How Does Interleukin-22 Mediate Liver Regeneration and Prevent Injury and Fibrosis?

1Cell & Molecular Biology Lab, Department of Zoology, University of the Punjab, Lahore, Pakistan
2Centennial College, Scarborough, Toronto, ON, Canada

Received 29 August 2016; Revised 13 October 2016; Accepted 25 October 2016

Academic Editor: Ethan M. Shevach

Copyright © 2016 Muhammad Babar Khawar et al. This is an open access article distributed under the Creative Commons Attribution License, which permits unrestricted use, distribution, and reproduction in any medium, provided the original work is properly cited.

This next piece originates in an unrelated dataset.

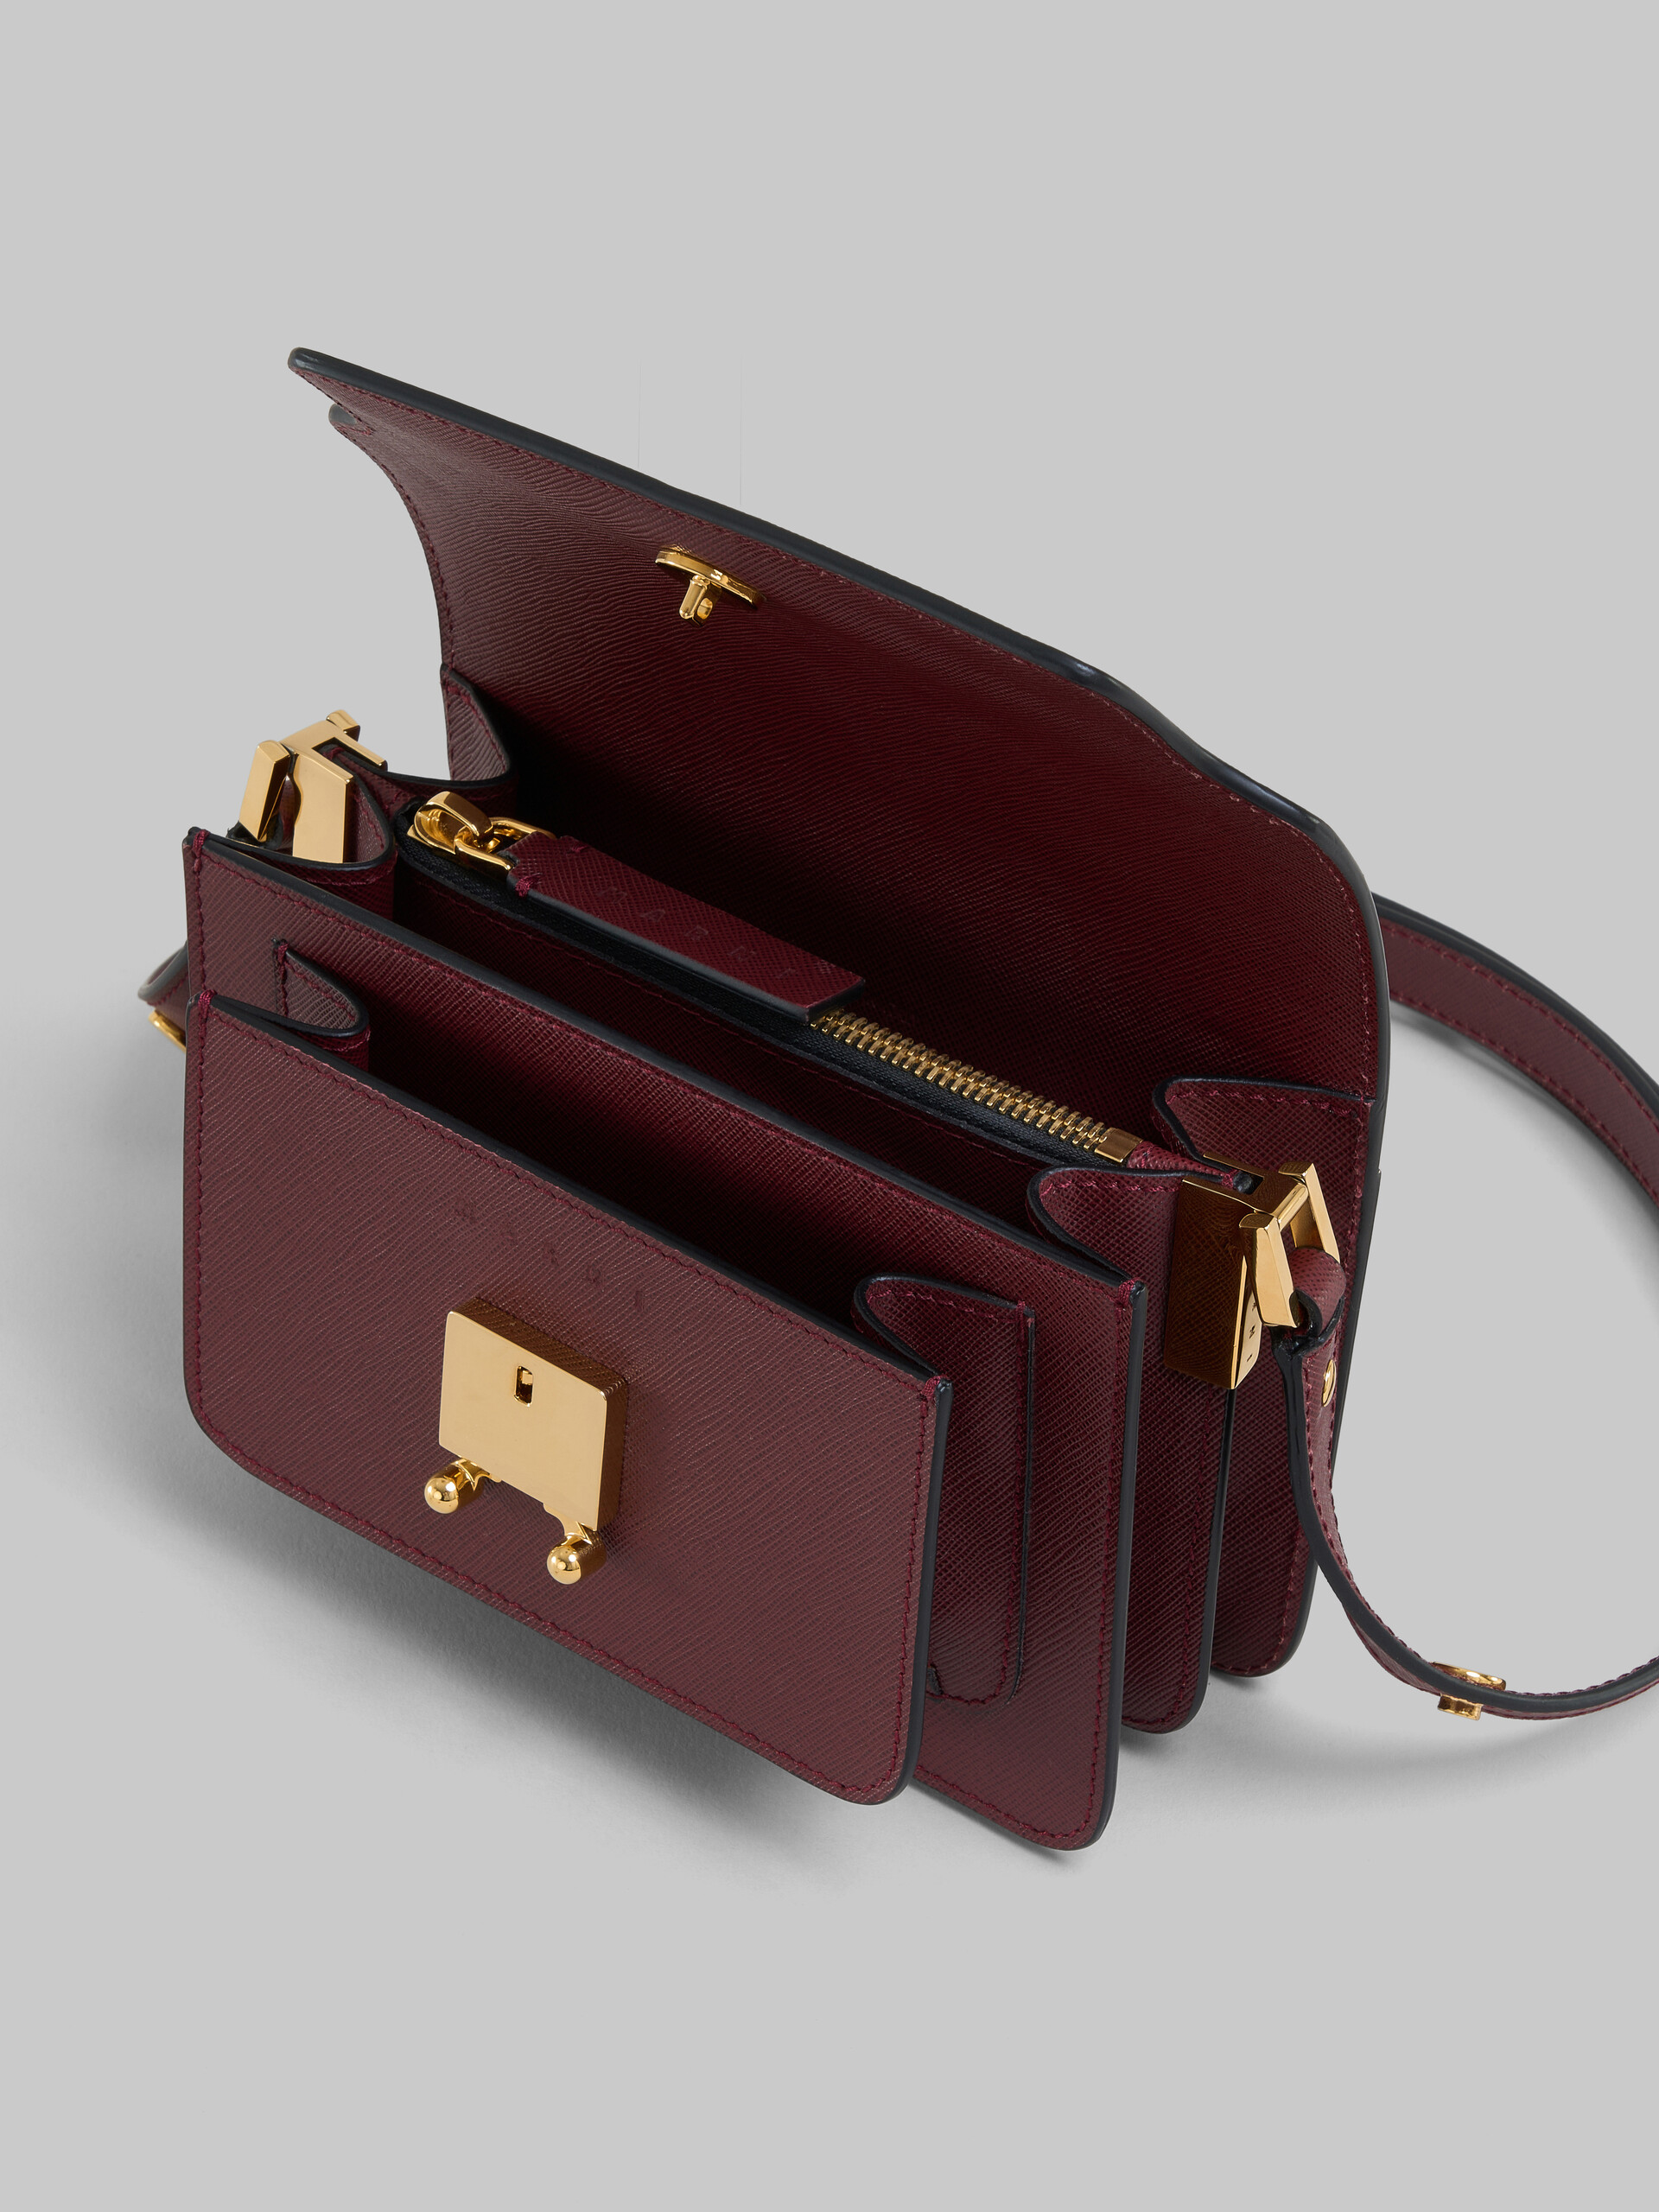 Mini sac Trunk en cuir Saffiano marron - Sacs portés épaule - Image 4

Interleukin-22 (IL-22) is a pluripotent T cell-derived cytokine which is a member of IL-10 cytokine family. It is the only interleukin produced by immune cells but does not target immune system components. IL-22 is mainly produced by dendritic cells (DCs) and TH17, TH22, NK, and NKT cells and targets a number of body tissues including liver, pancreas, and other epithelial tissues. It provokes a series of downstream signaling pathways upon binding with IL-22R complex which protects liver damage through STAT3 activation. IL-22BP is an inhibitor of IL-22 which has 20–1000x more affinity to bind with IL-22 compared to IL-22R1 that inhibits IL-22 activity. Its level was found to be positively correlated with the severity of liver damage and fibrosis. So, the present review is an effort to reveal the exact mechanism lying in the hepatoprotective activity of IL-22 and some of its future therapeutic implications.